The stock quote information returned by the service side through the data channel. And then. The client immediately sends the second request message. The send call returns immediately,
The sent data is copied to the kernel buffer. However, the TCP stack cannot immediately deliver this packet to the network. Since the previous packet was not received
ACK acknowledgement information. After 200 milliseconds. The service-side timer timed out, and the ACK acknowledgment information for the first request packet was sent back to the client. Client
A second request package is posted to the network. The second requested quote information is immediately returned from the data channel to the client, due to this. Client's
The timer has timed out and the ACK acknowledgement information for the first quote message has been sent to the server.

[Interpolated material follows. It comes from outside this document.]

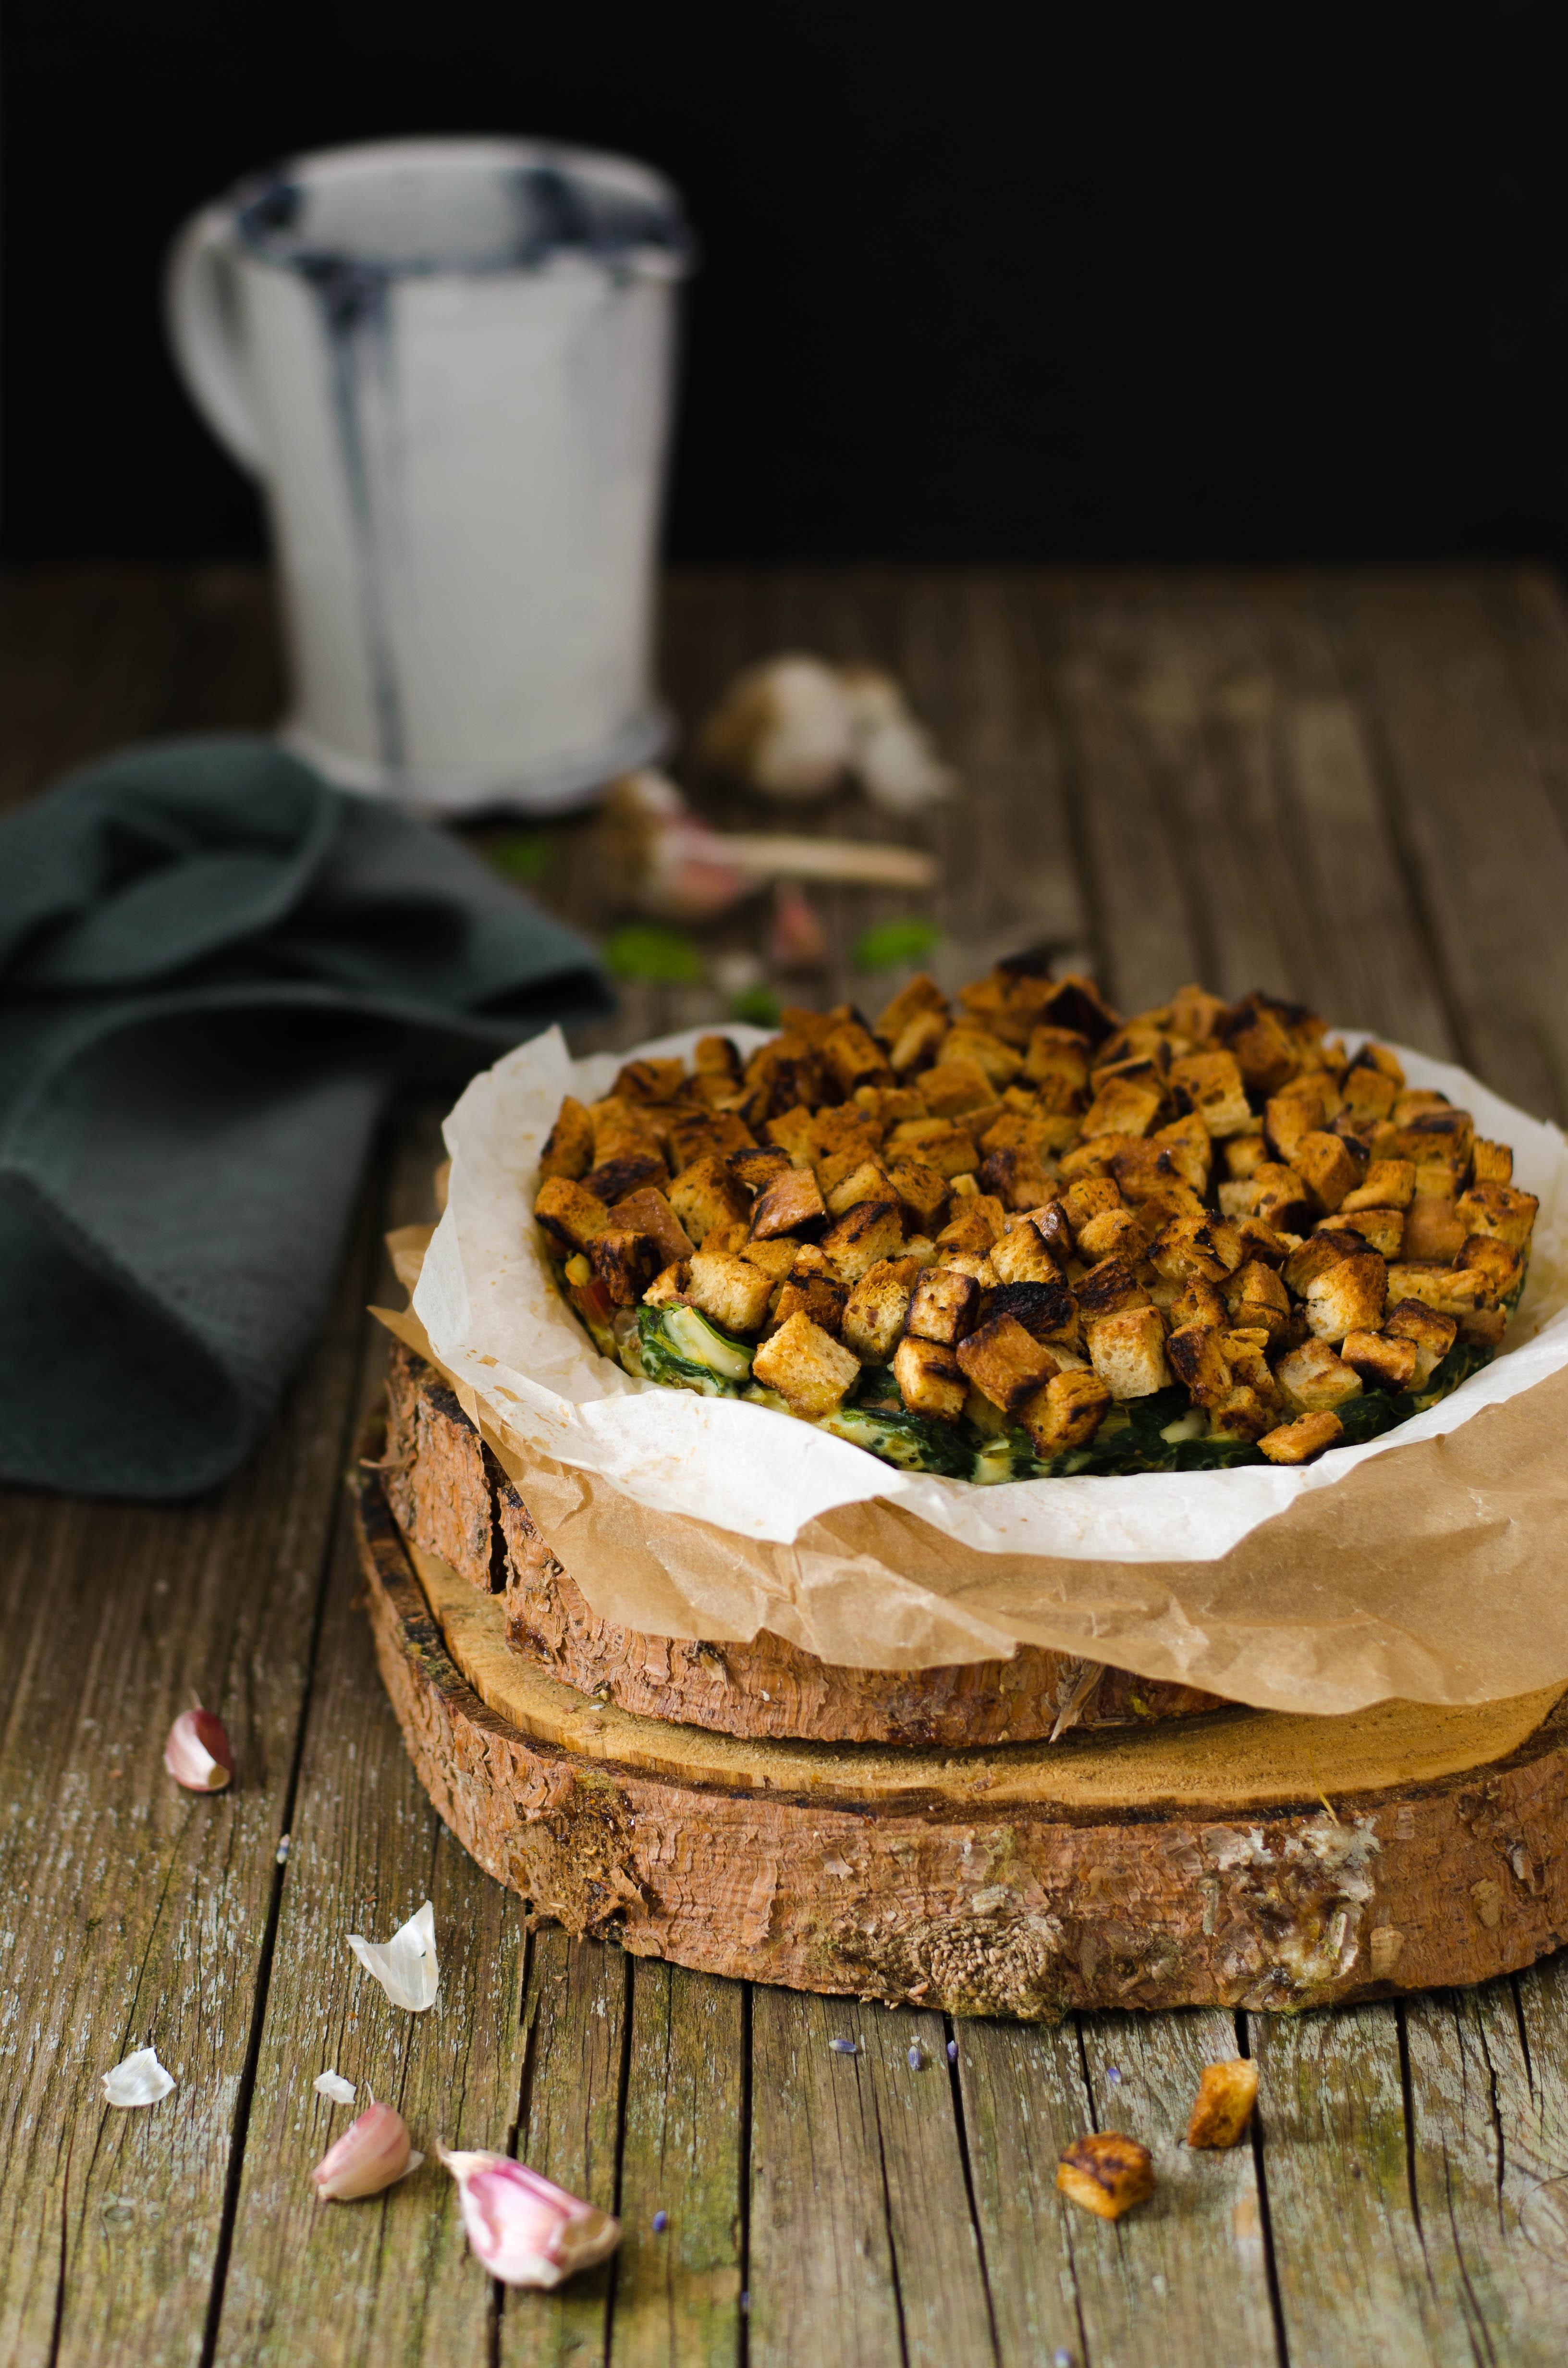 torta-rustica-spinaci-cavolo-nero Torta rustica di spinaci, cavolo nero e frutta secca

This process occurs in cycles.

How to Improve performance:
Over here. The design of two connections is not necessary.

Assuming that a connection is used to request and receive quotation information, the ACK confirmation information for the stock request is
The returned quote information will be brought back immediately.

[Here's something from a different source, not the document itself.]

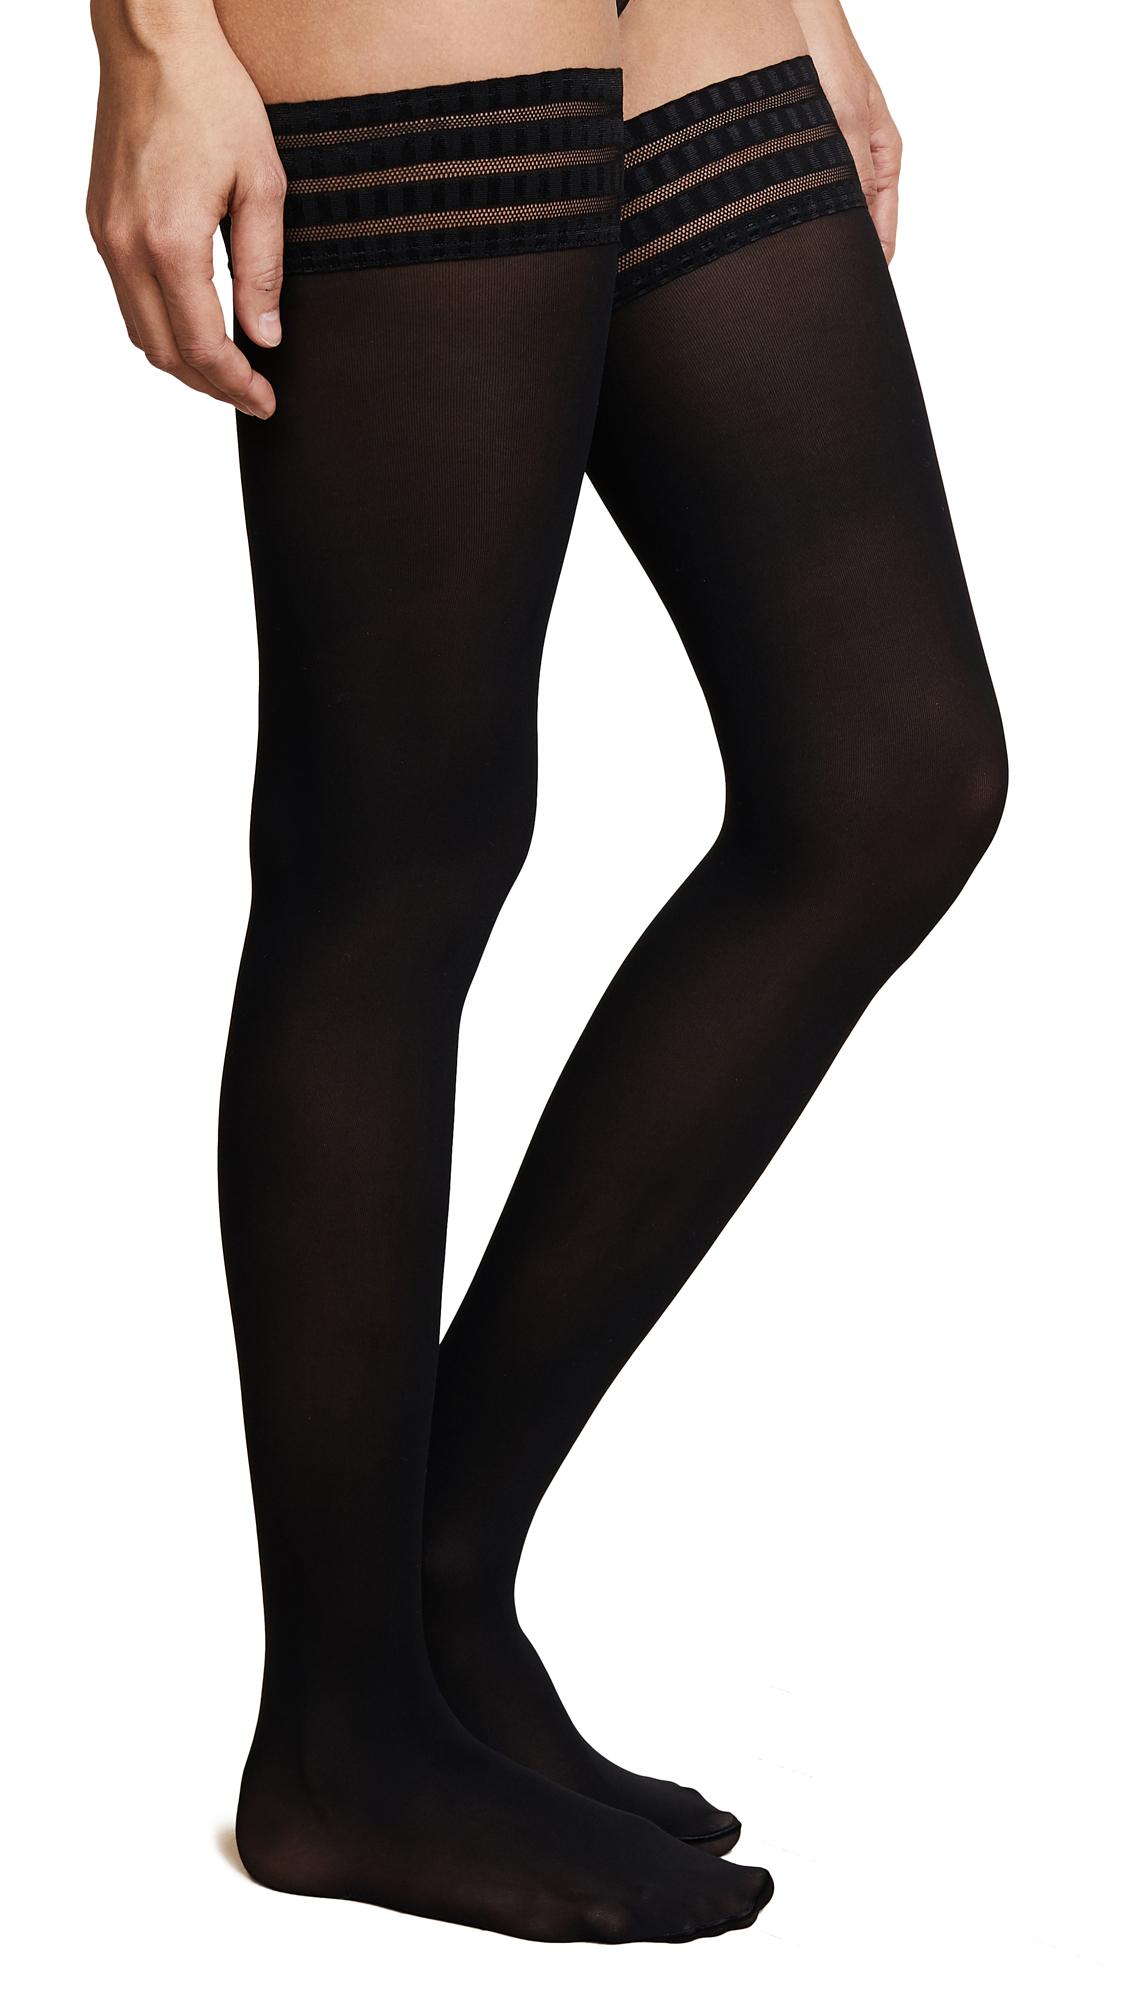 Falke Pure Matte 50 Thigh High Tights - Black

To further improve performance, the client should call send once to send multiple stock requests, the server
Returns more than one quote information at a time. Suppose that for some special reason it is necessary to use two one-way connections, both client and server should be set Tcp_nodelay
option so that small packets are sent immediately without waiting for the ACK acknowledgment information of the previous packet.

Recommendations for improved performance:
The two cases above illustrate some of the worst cases. When designing a solution to solve a large number of small packets sent and received, the following recommendations should be followed:
1, if the data fragments do not need urgent transmission. The application should stitch them up into larger chunks before calling send. Because the Send buffer
is very likely to be copied to the kernel buffer, so the buffer should not be too large, usually a little bit smaller than 8K is very efficient.

Only the Winsock kernel buffers are
With a block of data greater than the MTU value, several packets are sent. The last packet left.

The sender, in addition to the last packet, will not
triggered by a timer of 200 milliseconds.
2, if possible, avoid one-way socket data stream.


3, do not set SO_SNDBUF to 0. Unless you want to ensure that packets are posted to the network immediately after the call to send is complete. In fact, the 8K buffer fits most
Case There is no need to change again. Unless the newly set buffer is tested, it is indeed more efficient than the default size.
4, assume that the transmission of data does not guarantee reliability, using UDP.

TCP/IP specific explanation--tcp/udp optimization settings Summary & Introduction to MTU

Contact Us

The content source of this page is from Internet, which doesn't represent Alibaba Cloud's opinion; products and services mentioned on that page don't have any relationship with Alibaba Cloud. If the content of the page makes you feel confusing, please write us an email, we will handle the problem within 5 days after receiving your email.

If you find any instances of plagiarism from the community, please send an email to: info-contact@alibabacloud.com and provide relevant evidence. A staff member will contact you within 5 working days.

A Free Trial That Lets You Build Big!

Start building with 50+ products and up to 12 months usage for Elastic Compute Service

  • Sales Support

    1 on 1 presale consultation

  • After-Sales Support

    24/7 Technical Support 6 Free Tickets per Quarter Faster Response

  • Alibaba Cloud offers highly flexible support services tailored to meet your exact needs.